ERE
Energy, Resources and the Environment

Early Career Scientists

Interview with ERE Outstanding ECS Awardee Iman Rahimzadeh Kivi

Interview with ERE Outstanding ECS Awardee Iman Rahimzadeh Kivi

Congratulations for being awarded this years Early Career Scientist Award of the ERE division! Can you tell us a bit about yourself (not only about your work life)?
Thank you so much! I am delighted to receive this award and grateful to the European Geosciences Union for this recognition.

I am an engineer and a geoscientist with a passion for understanding the Earth’s subsurface processes and their implications for developing clean energy resources and sustainability. I generate knowledge, workflows and tools ‎to safely and efficiently unlock the huge ‎potential of the subsurface to cut carbon emissions and produce ‎low-carbon and sustainable ‎energy in the fight against the climate change crisis. To this end, I conduct interdisciplinary research combining concepts from ‎geomechanics, geochemistry, seismology, data science and artificial intelligence through a combination of experimental, numerical and data-driven approaches.‎

I earned my PhD in Petroleum Engineering in late 2018 from Tehran Polytechnic, Tehran, Iran. After a short ‎period in the industry and as a lecturer at the Chamran University of Ahvaz, Ahvaz, Iran, I started my postdoc ‎research career in Jan. 2020 at the Spanish National Research Council (IDAEA-CSIC), Barcelona, Spain. I initially ‎enrolled as a contracted postdoc in the ERC-StG project GEoREST and then as ‎“Juan ‎de la Cierva ‎Incorporación”‎ and “PCI-MSCA IF-ST 2020” (project EASY GEOCARBON) fellows. Awarded a Horizon Europe Marie Curie ‎fellowship for the project THMC4CCS, in 2023, I joined the Subsurface CO2 Research Group at Imperial ‎College London, London, UK, where I am currently conducting my research.
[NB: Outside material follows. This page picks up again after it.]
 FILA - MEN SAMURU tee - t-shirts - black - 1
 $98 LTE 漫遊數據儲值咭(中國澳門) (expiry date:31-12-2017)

I have had this opportunity to be part of two amazing research groups during my postdoc and collaborate with leading scientists in my field, significantly assisting me in shaping my academic career. I am grateful for their support.

Beyond my scientific work, I spend my time with my family; my wife Atefeh and my little daugther Rose. I enjoy being outdoors, hiking and cycling. I love exploring many parks and green spaces in London. Besides, I love cooking and gardening. They keep me energized and help me release daily tensions.

 

Iman Rahimzadeh Kivi, the ERE division Outstanding ECS Awardee 2025.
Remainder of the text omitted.